Meaning-generators are successful entities in a Darwinian world. Making meaning is a great way of staying alive and propagating - so much so, indeed, that it's probably the only way to be alive at all.
The point is that we need to acknowledge what evolution does to matter: it gives matter goals and functions. That is what makes evolved life so special.

2. Genes: What DNA Really Does

Each of our somatic cells contains 46 chromosomes: two copies each of 23 different varieties. Other animals have different numbers: cats have 19 pairs, dogs 39 pairs.
- The gametes (eggs and sperm) are special in that they each contain only one set of chromosomes. This makes them haploid cells, as opposed to the diploid somatic calls.
- The single exception in our bodies are the red blood cells, which contain no DNA; they are simply packed with oxygen-ferrying hemoglobin proteins.
Chromosomes are made of protein and of deoxyribonucleic acid (DNA), which is in turn a polymer of four types of chemical unit (nucleotides), containing a sugar molecule (deoxyribose), a phosphate group, and a substance belonging to the general class of molecules called bases (adenine (A), cytosine (C), guanine (G), and thymine (T).
The unification of Darwin's theory of natural selection with the Mendelian inheritance of particulate genes gave 20th C biology its central explanatory framework, dubbed the Modern Synthesis in 1942 by Julian Huxley.
The gene's eye view of life (indeed, even of evolution) is shaped by a particular scientific model and is valid only within the context of that model. It does not and cannot deliver an account of the world as we find it. The problem with atomizing organisms into genes is that genes are not alive - and once you have set aside life to get to the gene, you can't get it back again. The gene is far too atomized a unit to tell us much at all about how life works.
Genes with names awarded in one context turned out to be identical to genes given different names in another context. And genes associated with one trait proved to be implicated in a quite different trait too.
The genome does not control the cell. Rather, it supplies resources for the cell as an autonomous and integrated entity. Genes are not a blueprint. They impart capabilities; the rest is up to us, in interaction with our environment.
Most human traits are not simply genetic - they are also affected by the person's environment.
How we are is correlated with our genotype, but genes are not what make us what we are.
The many genes linked to IQ are sure to be implicated in other traits too - perhaps neuroticism or schizophrenia. There are no isolable intelligence genes. If we select embryos for highly polygenic traits like this, we will have little idea for what else we might be selecting.
Many human traits are influenced by many genes. Even for traits that show a strong heritability, such as height, the genetic component derives from the tiny effects of many genes rather than big effects from just a few.
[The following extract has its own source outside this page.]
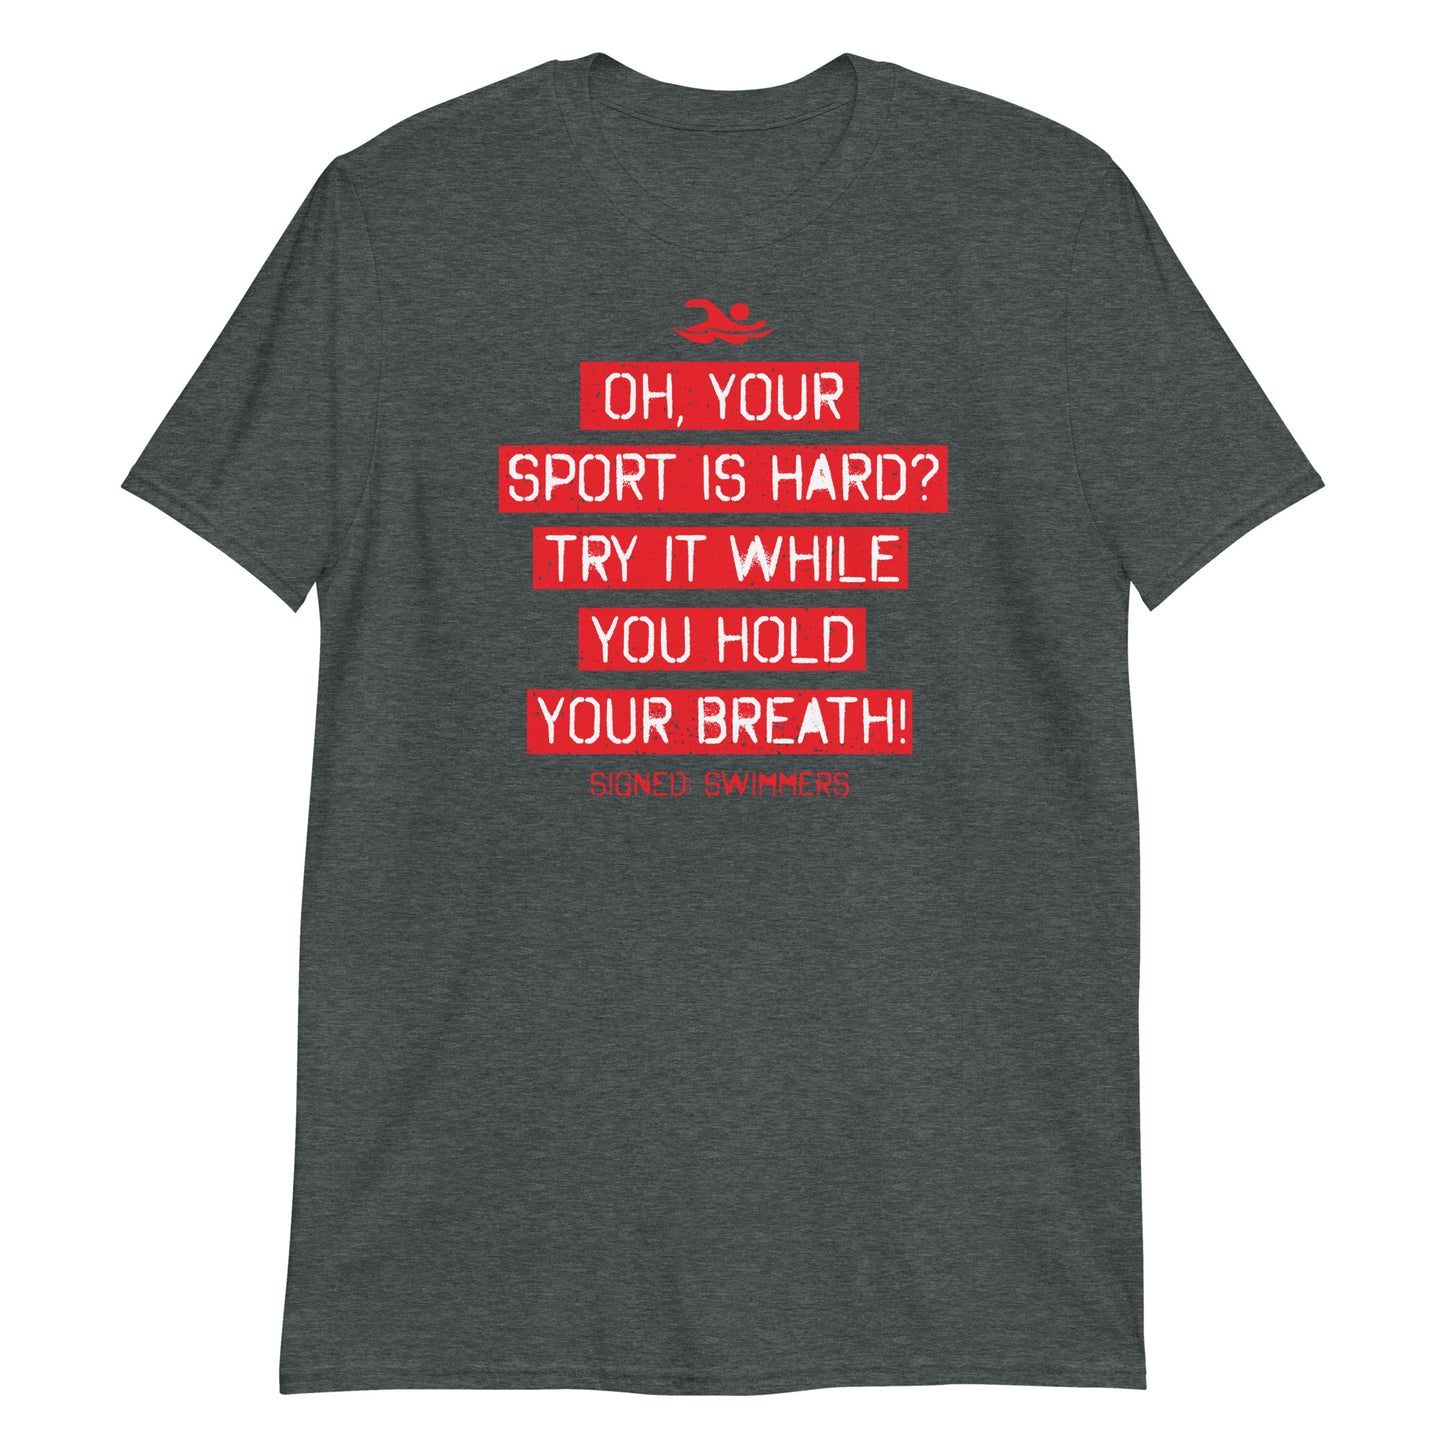 Oh Your Sport Is Hard Funny Swimmer Quote T Shirt - TrendySwimmer

This can make it very difficult to figure out what the respective genes are doing - or indeed, how causally relevant they really are.
Sometimes the polygenic nature of traits is extreme, and hundreds or even thousands of genes might be implicated. The statistical associations observed between many complex traits and genes tend to be spread across most of the genome. 62% of common single-nucleotide polymorphisms (SNPs - where one base pair is different) are associated with height in parts of the chromosomes that are active across most cell types, and often in "non-coding" sequences.
You can't compute from the genome how an organism will turn out, not even in principle. There is plenty that happens during development that is not hardwired by genes. And from a single protein-coding gene, you can't even tell in general what the product of its expression will be, let alone what function that product will serve in the cell.
Evolutionary and developmental biology are seeing two different kinds of explanation - The first considers population-level phenomena, the second focuses on individuals. Organisms acquire their form twice over: by evolution (the history of which is imprinted in genomes), and by development (through the interactions of molecules and cells). Both are under genetic influence, but not in the same way.
Genes don't compete with each other. Rather, a mutation to a gene that turns it into a variant that enhances survival of the organism carrying it will tend to spread through a population an eclipse the other less successful alleles. So different alleles of the same gene compete with one another, while different genes on the same genome cooperate. The first is a story about evolution, the second about individual development.
Genes do not produce life, but on the contrary depend on it.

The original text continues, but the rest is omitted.